You would consider it relating to reproduction. For my species the concept is so ridiculous that I can’t help but make a small smile. Smiles relieve tension in emotional situations, right? Oops. He seems to think I view him as a joke. Actually, that’s perfectly true, but...
He hits me so hard I can hear my own lips split.
That was probably less than an hour ago, but it seems like a lot longer. I’m leaning against the split rail fence around the parking lot. The ambulance and the police cars are gone. For a while they argued over who would get Redneck, but the police decided they would have him over the long haul, and let the EMTs take him. I should go home and fix myself up--the EMTs did a little but I need my own stuff. But to do that I would have to move, which doesn’t seem appealing.
Maybe it’s true what some of you say--there’s no intelligent life beyond Earth. I was stupid. Thank God what my combat instructor said during the Nova War was true—once you learn how to take out a reticulated razor raptor without a weapon, you really can take out anything. I’m also fortunate that the police didn’t mind about the big hole in the concession stand--they actually seemed impressed. But still...
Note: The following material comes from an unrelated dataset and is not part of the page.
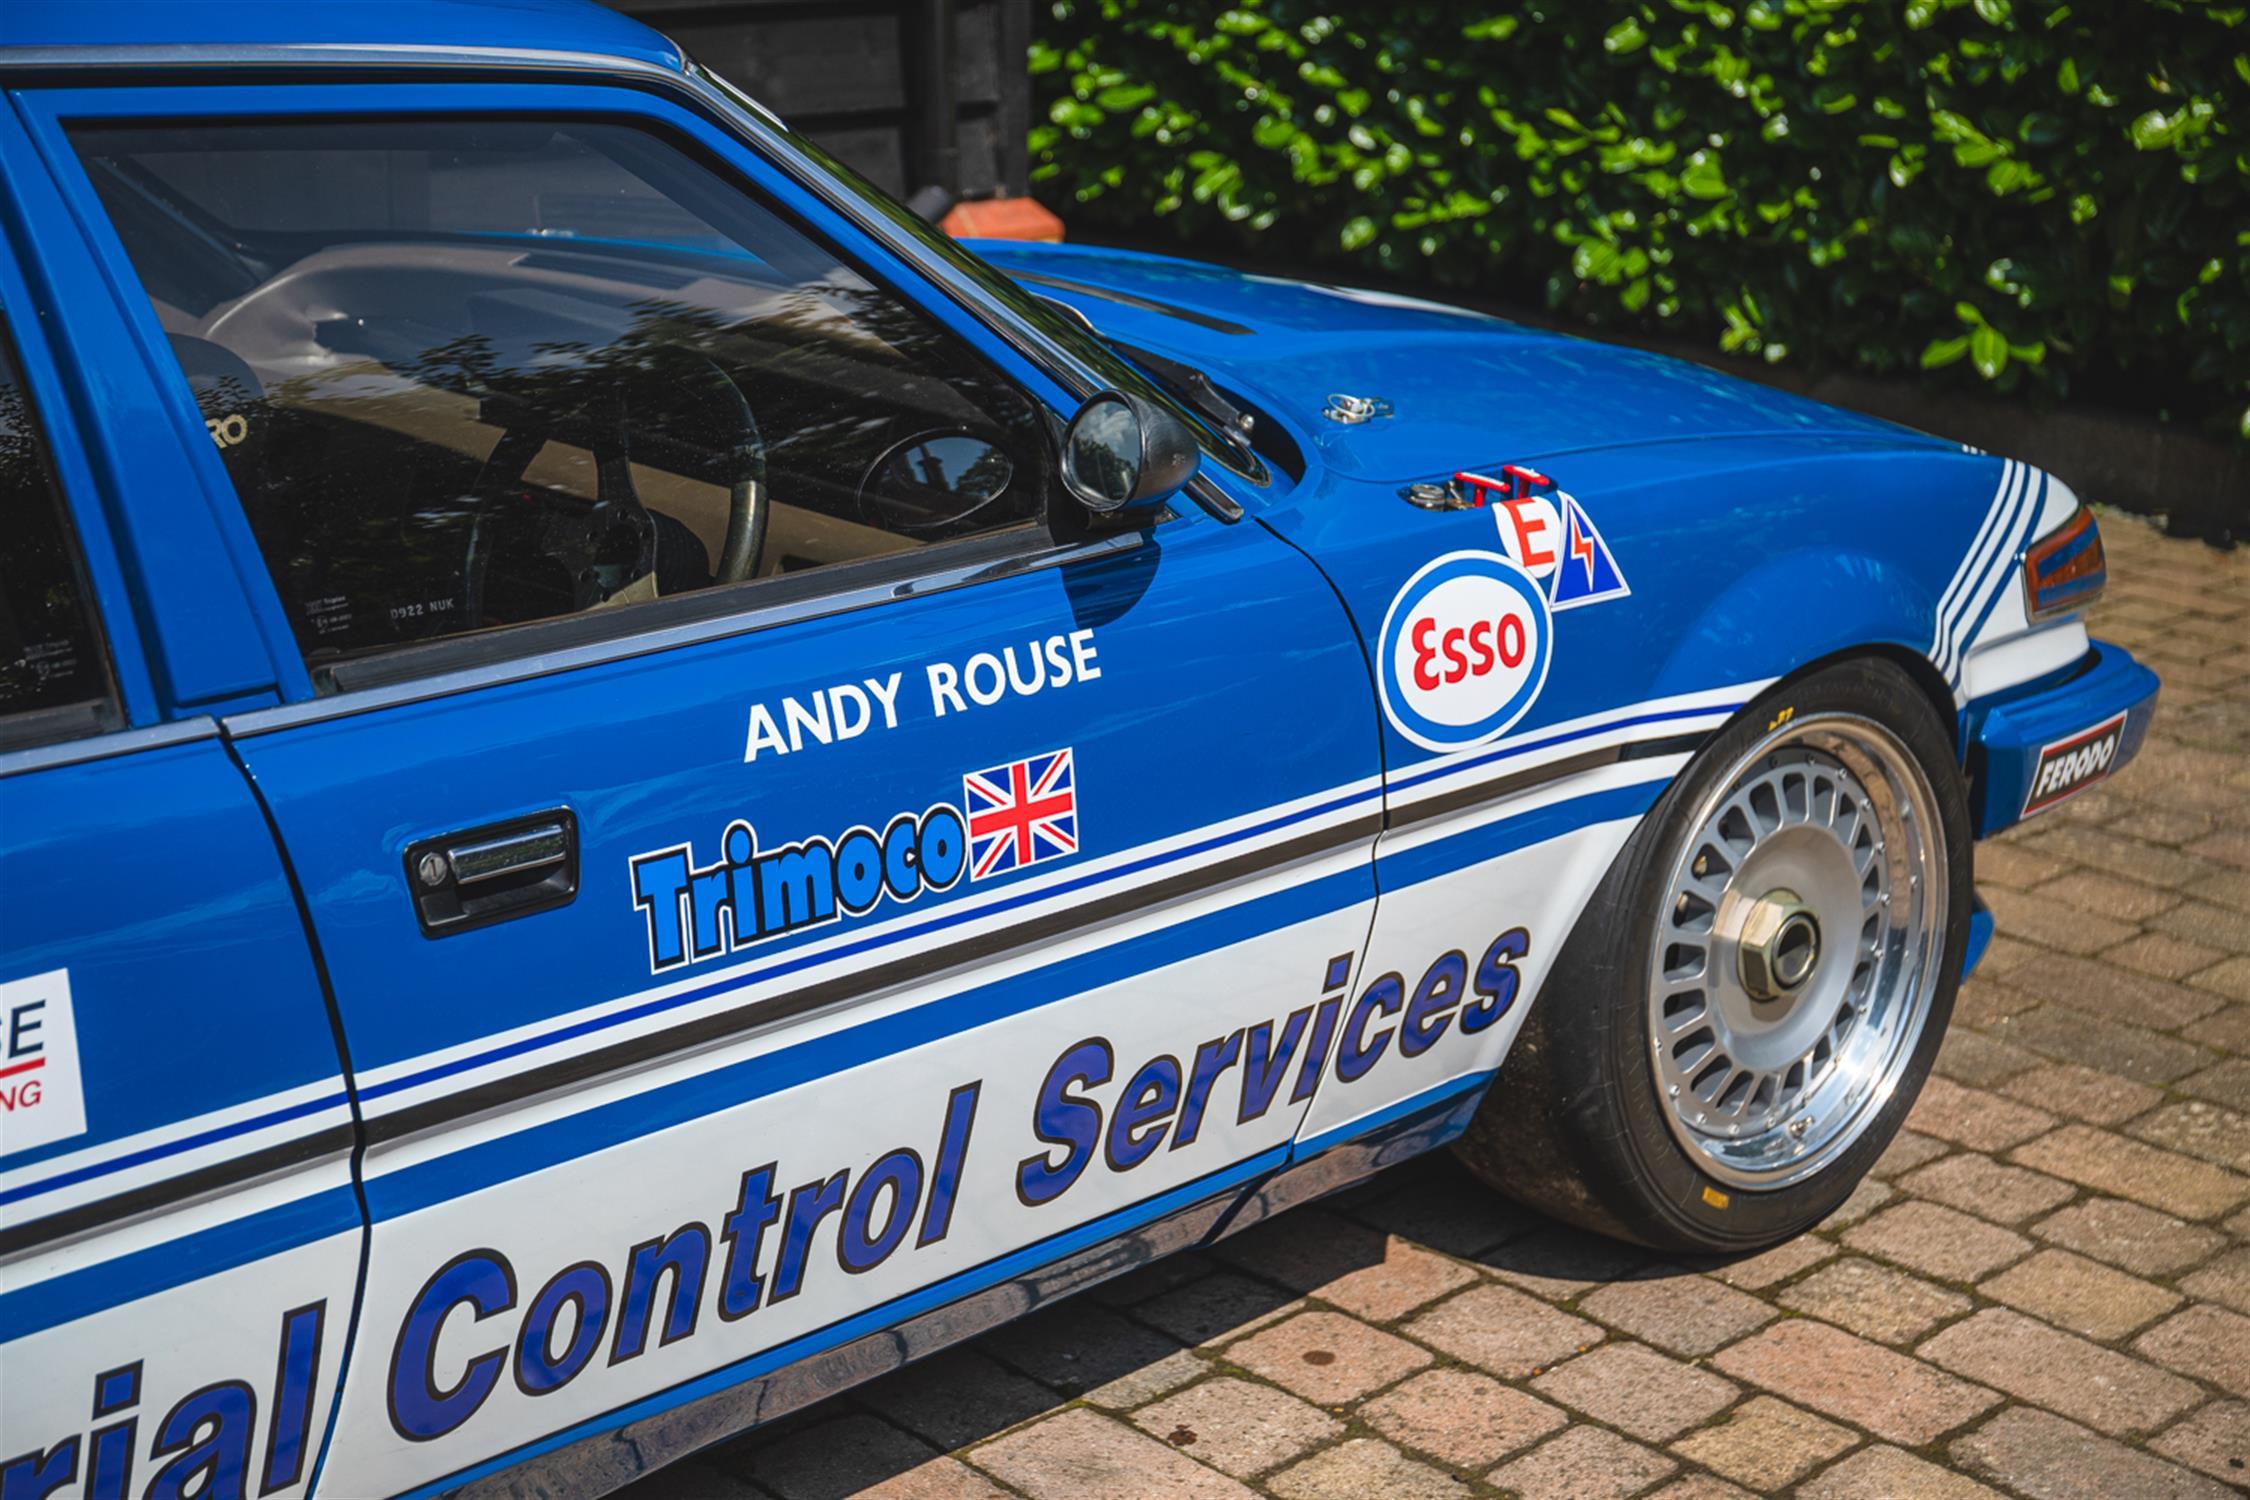 BTCC Championship-Winning 'Group A' ICS Rover Vitesse - Ex-Andy Rouse - Image 7 of 12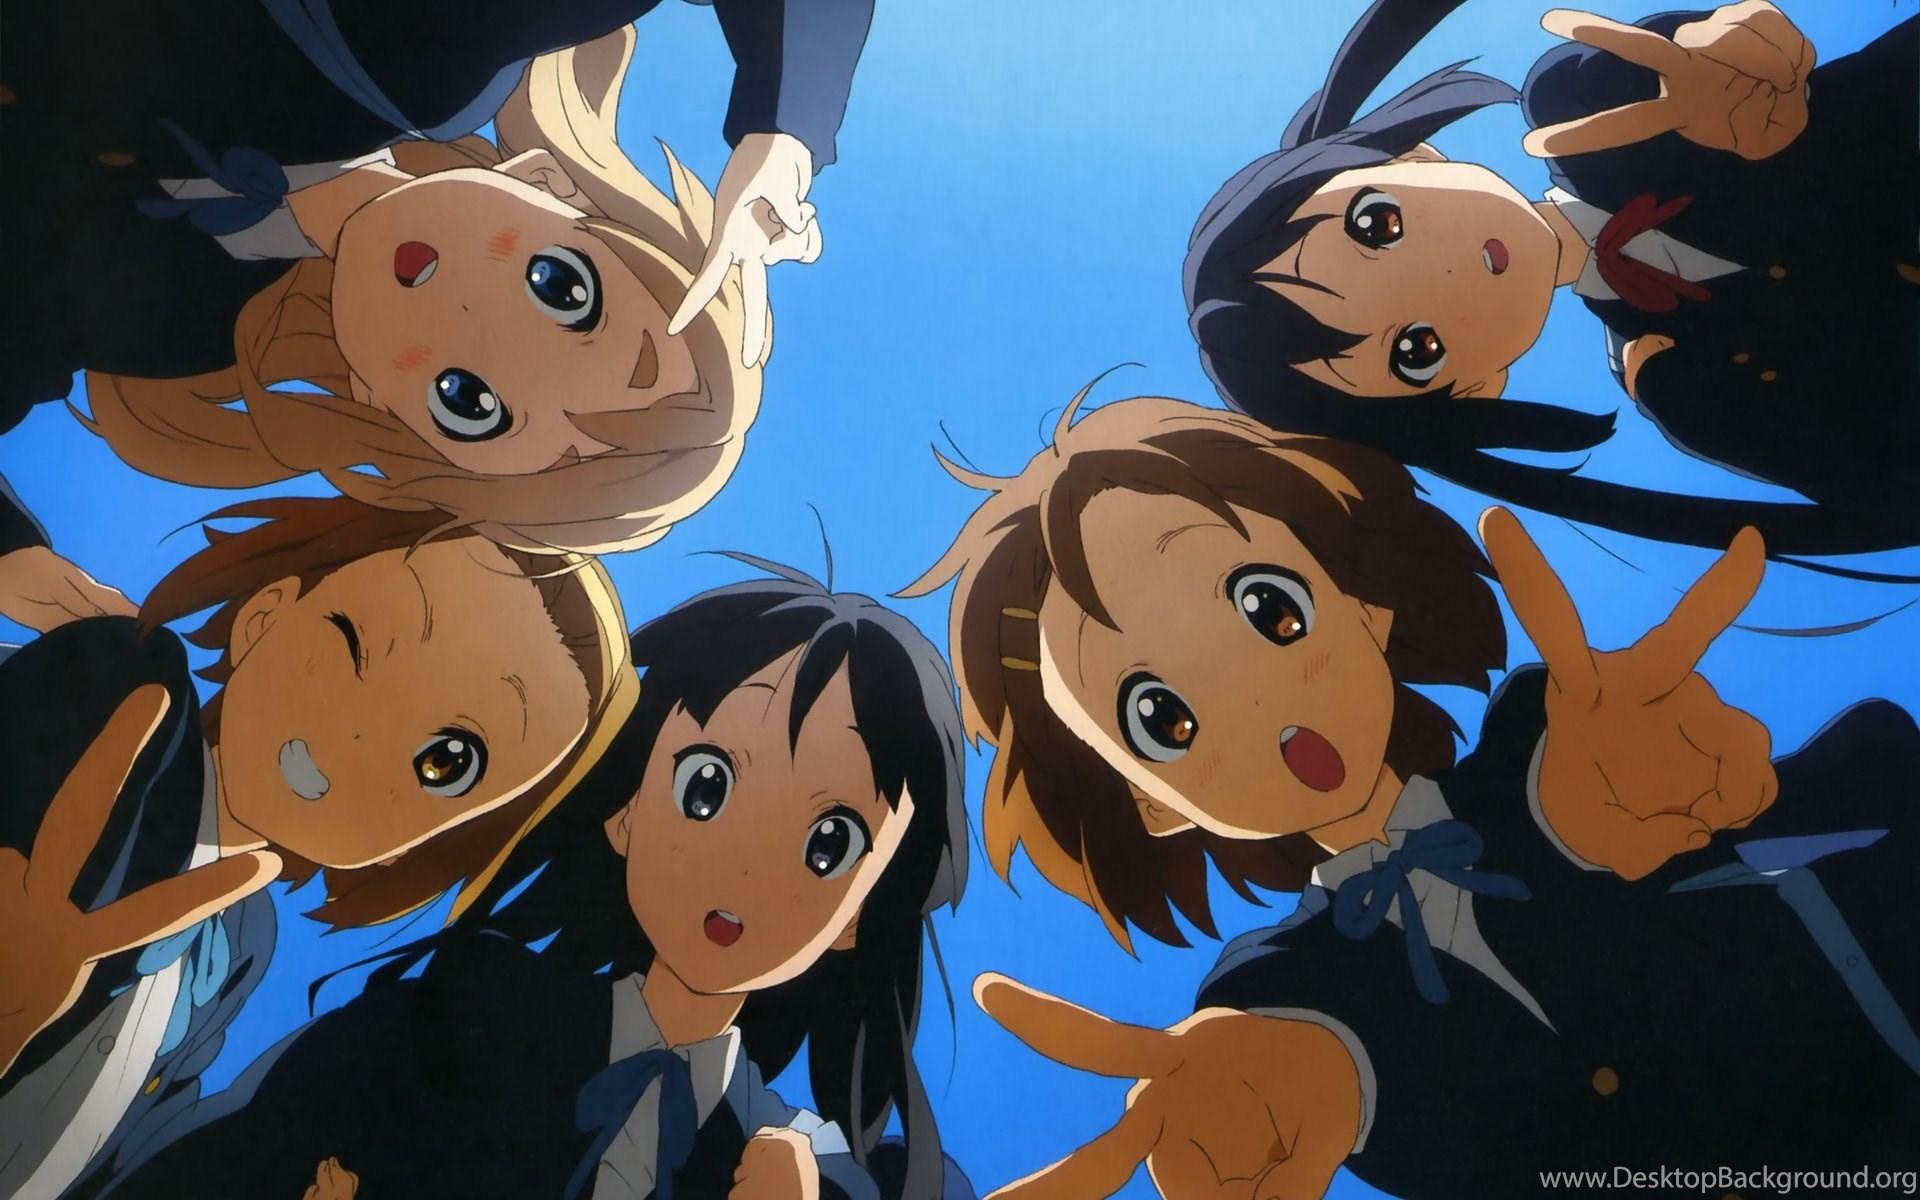 K On Desktop Wallpapers In HD Popular Anime TV Series Background

Drowned Rat! I didn’t even see her come up. I barely recognize her in shorts, Bishop Pilla High School sweatshirt, sneakers, and bouncy hair.
“Are you OK?”
“Oh, I feel out of this world.”
“That was the coolest thing I ever saw.”
“It was just a trick I learned in the military. Now you were brave.”
“Nah. I take on quarter ton maggot brains when I’m practically naked--well, you know, not wearing a lot, almost all the time. Catholic school.” She was nodding earnestly.
“They do have a reputation.”
Then she asks what I’m sure she really wants to know.
“For just a minute there, I thought you were, you know, really going to hurt that guy. Why did you stop?”
“You're making it sound worse than it was. Lots of people survive that injury, especially these days. But anyhow Bobby stopped me, didn’t you hear?
”No, I heard him say something, but I was excited.”
Understandable. Besides, she was farther away.
“First Bobby yelled at me not to hurt Redneck--the guy I was fighting. And I shouted back I wasn’t going to hurt him, I was just going to make him regret being born. But then Bobby said, ‘No! It’s wrong to hurt people! I don't like it when people hurt me!’ And that made me stop.”
“You mean, like, Bobby stood up for this guy who made him cry like that? When he could have just stood there and got even?”
She thought about that. She was good at looking serious. After a while, “Wow. Sister Emily always talks about ‘what would Jesus do?’. But, like, you know? Wow.”
I would have articulated it more in terms of Bobby’s principles not depending on whether he had the upper hand or not in a given situation. But I knew what Drowned Rat meant. You know?
Her face brightened, “Hey, mister! Do you want me to get you a Coke or something? They’ve got it in cans!”
“No! No, thank you. I’m going home.”
I went home and got patched up. But I’d realized I’d have to hit the beach again, soon. Great place for research. You can’t tell anything by appearances.